**What is required**
Starting at the line with "Go Green Leaf Embroidered Snapback Hat", return every line through the final one of the data, word for word. Pictures stay out.

**Data shown**
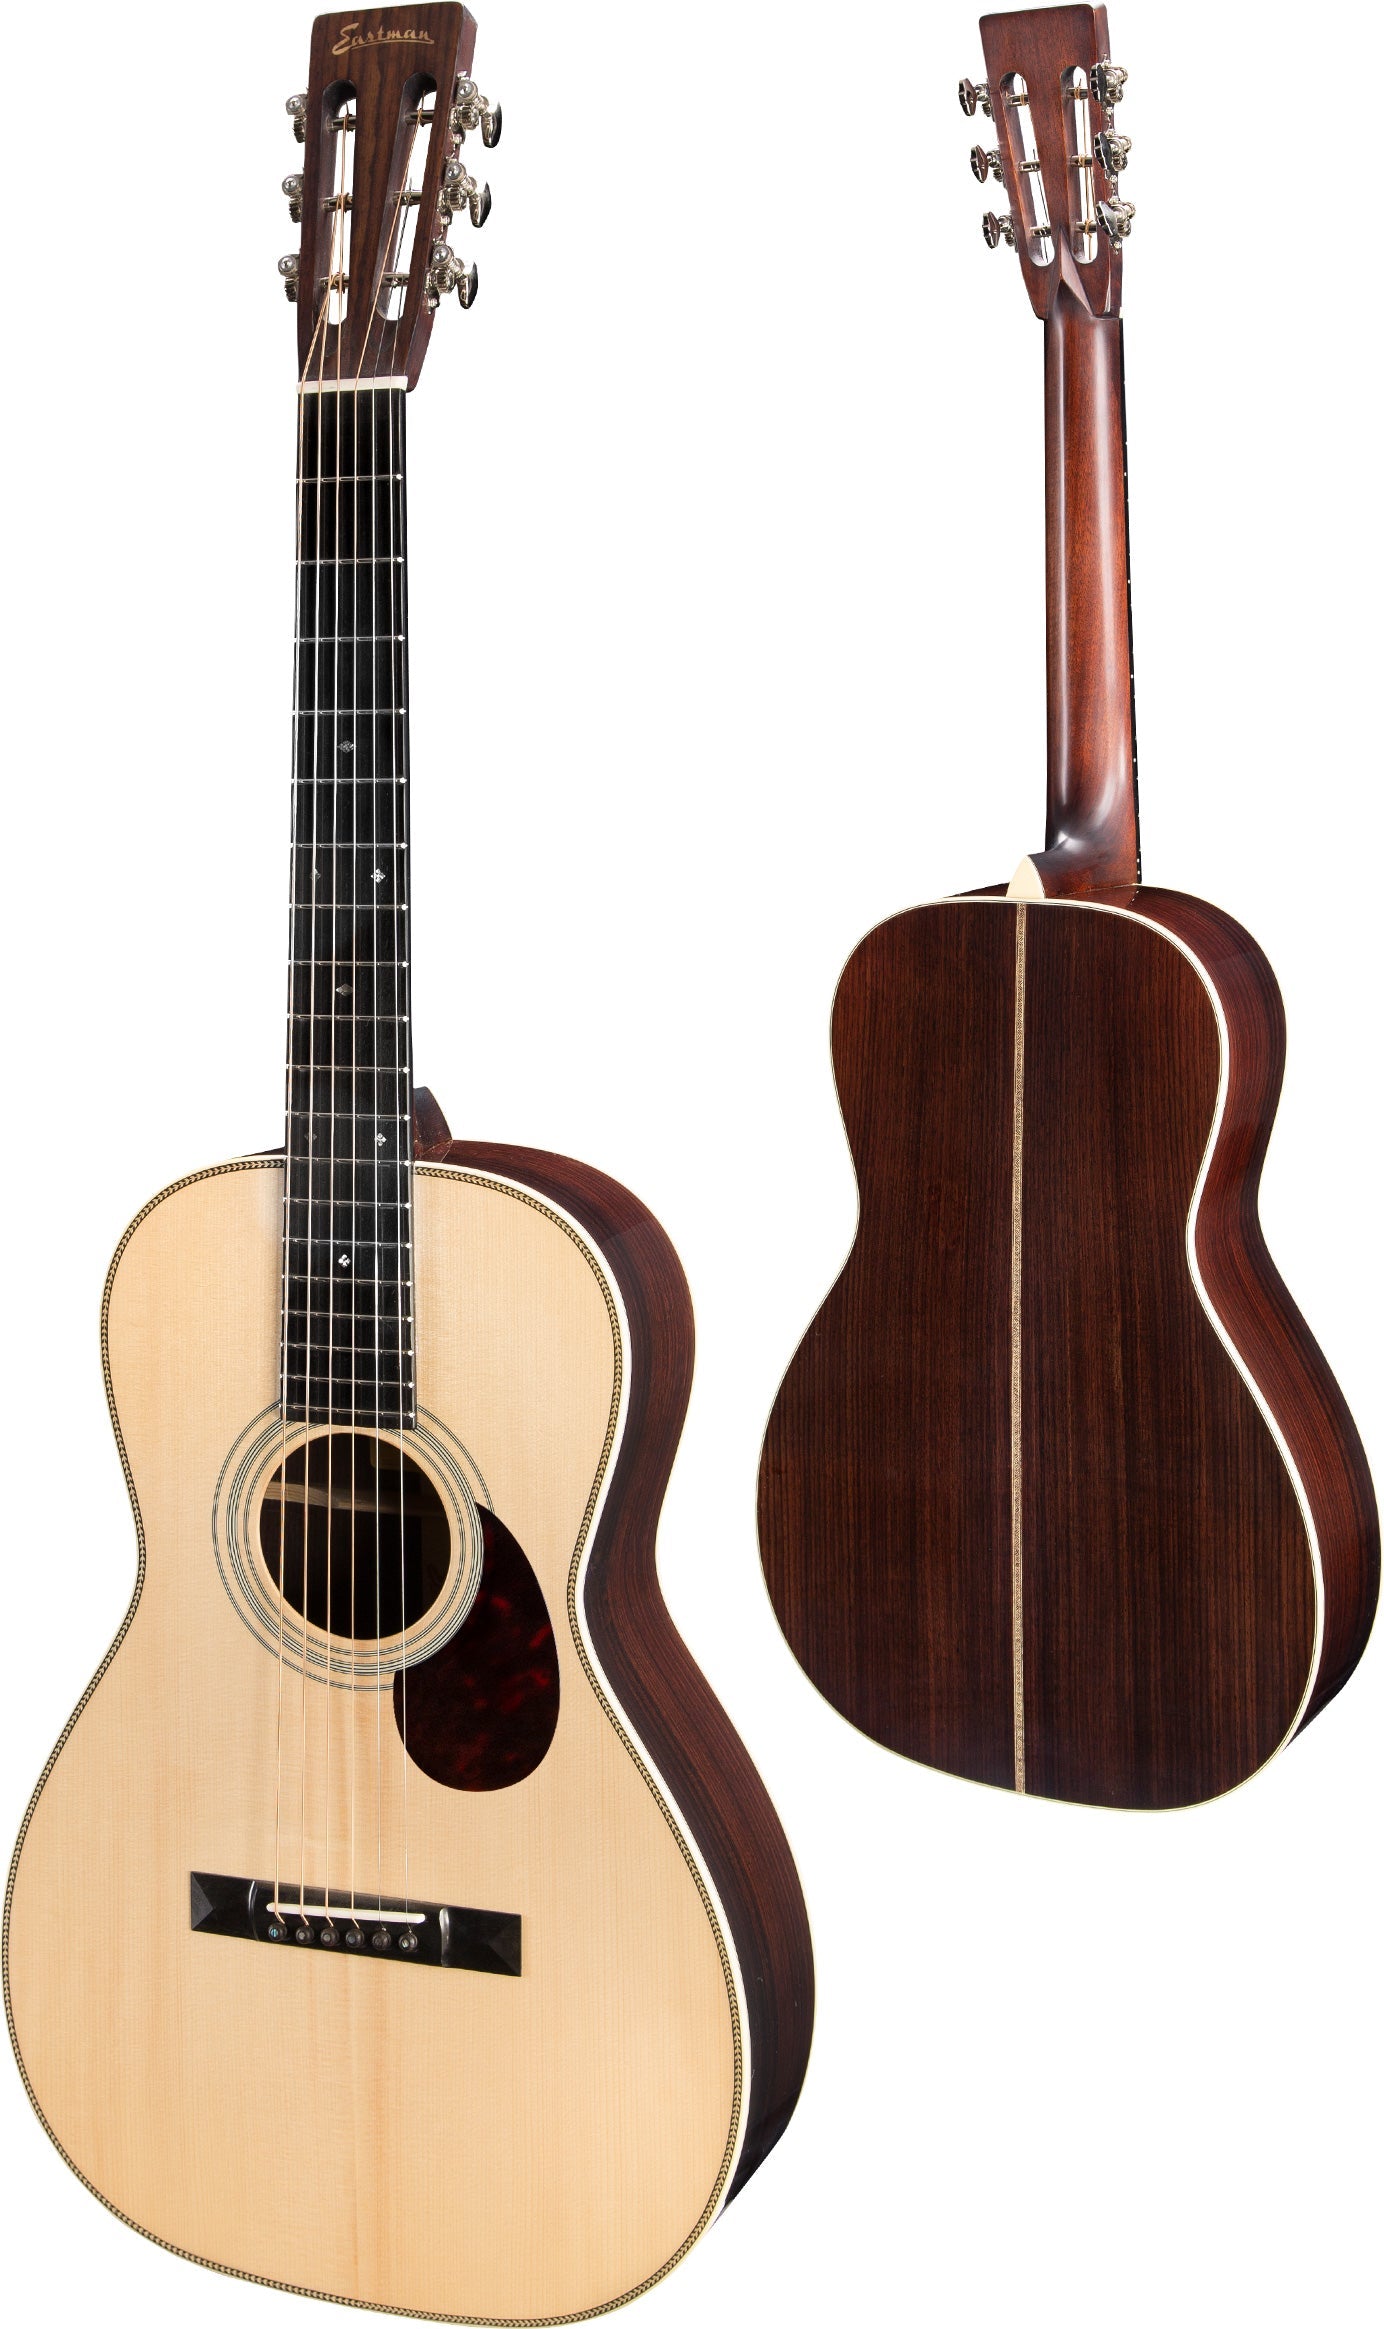 Eastman E20P, Acoustic Guitar for sale at Richards Guitars.
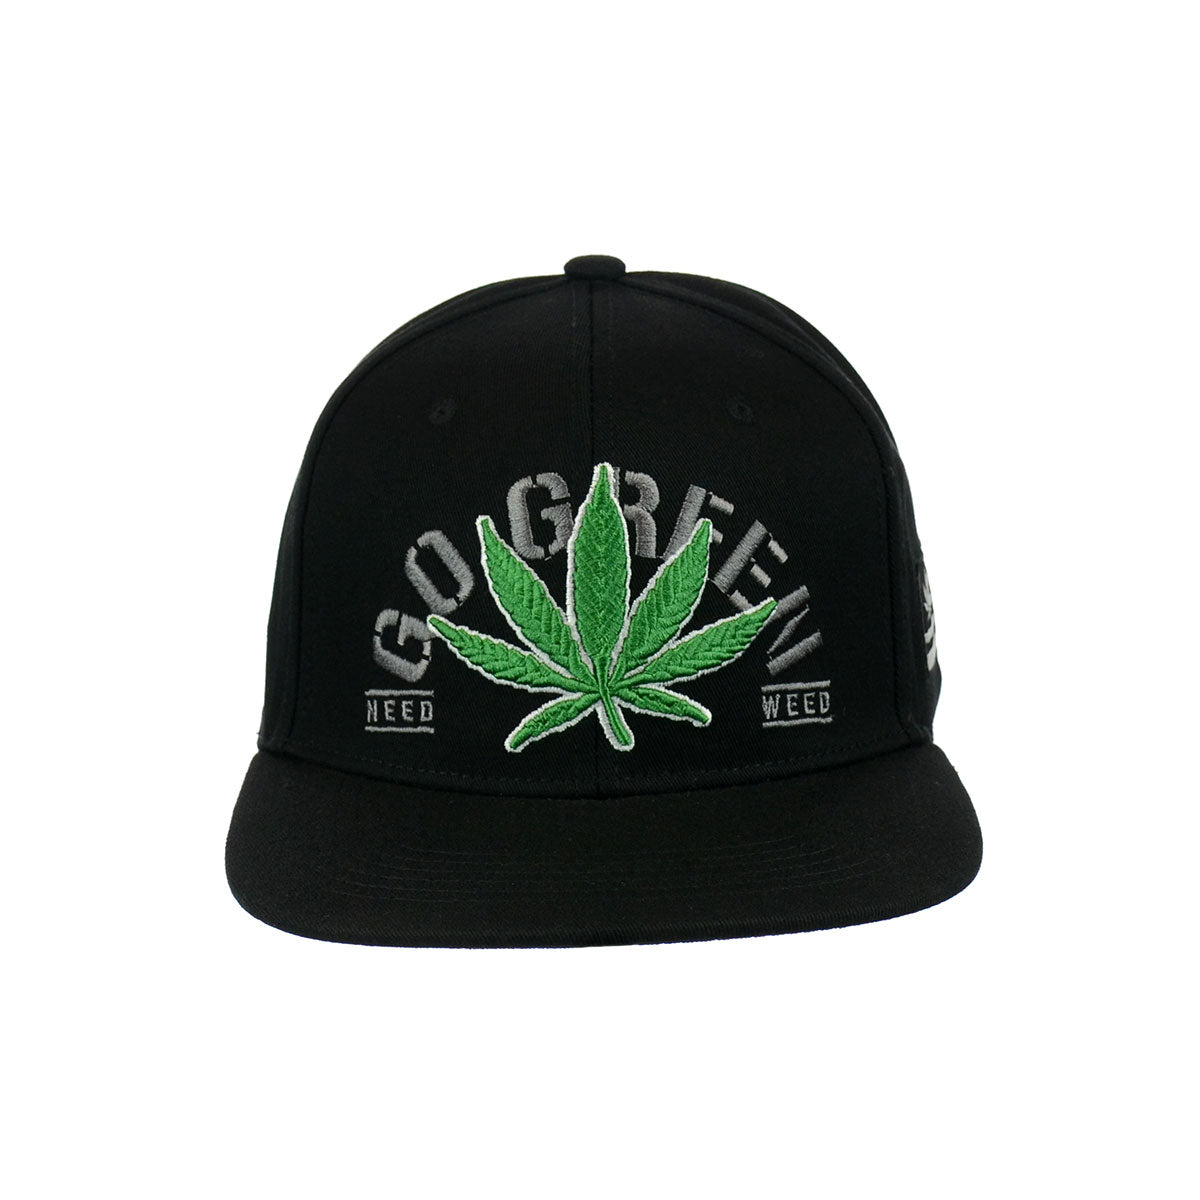 Go Green Leaf Embroidered Snapback Hat
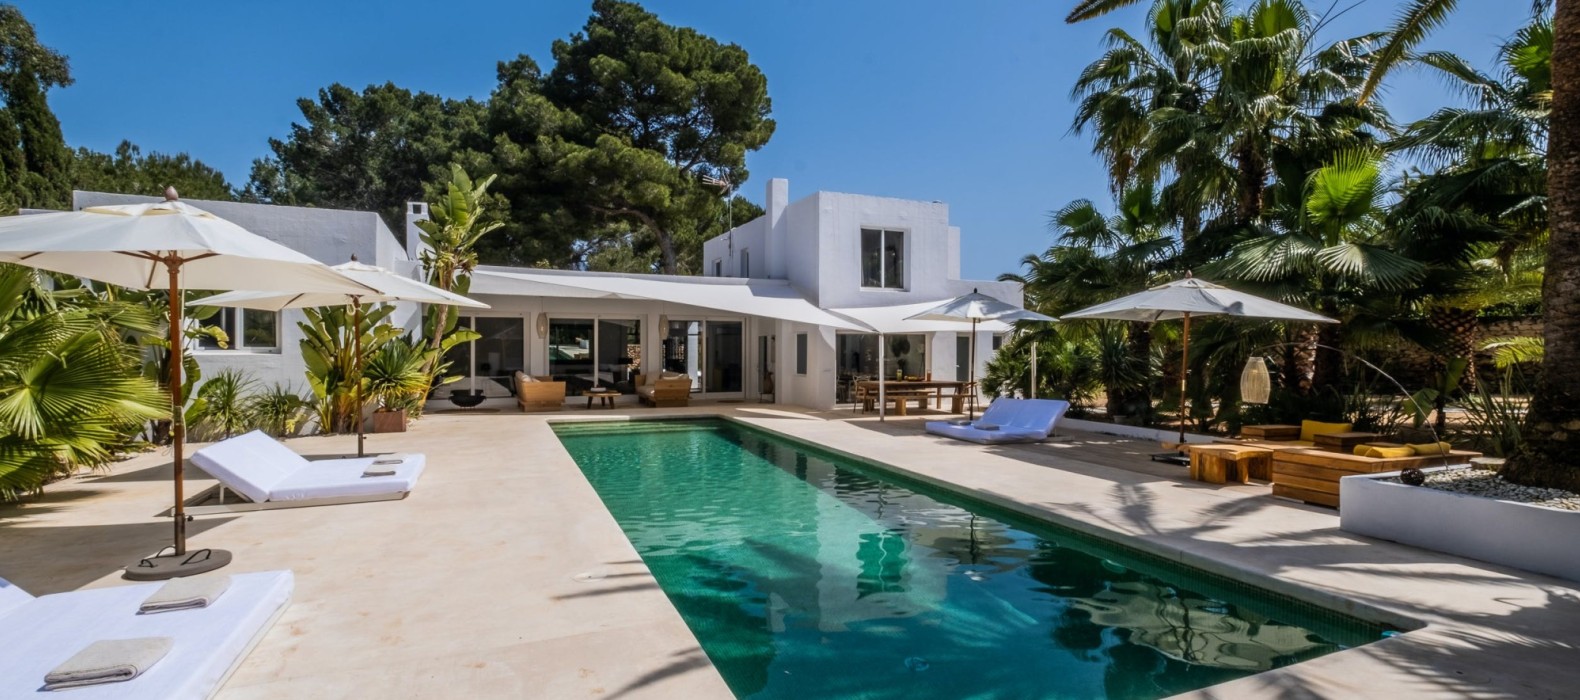 Exterior villa view of Villa Savant in Ibiza
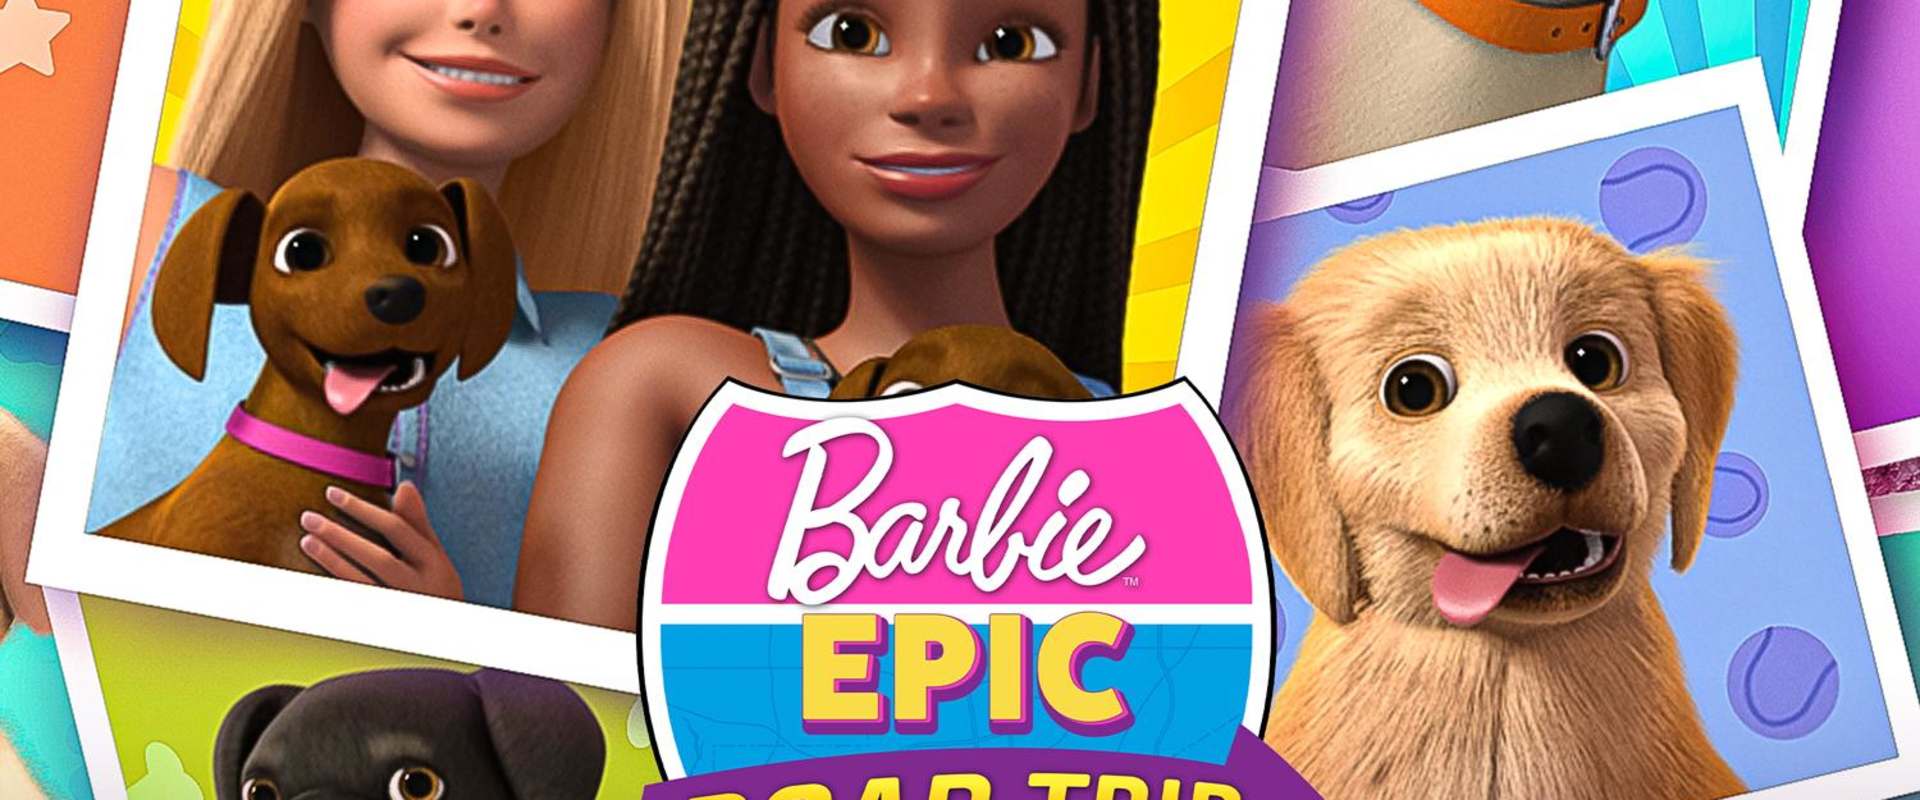 Barbie Epic Road Trip background 1

**Solution for this task**
 Go Green Leaf Embroidered Snapback Hat
 Exterior villa view of Villa Savant in Ibiza
 Barbie Epic Road Trip background 1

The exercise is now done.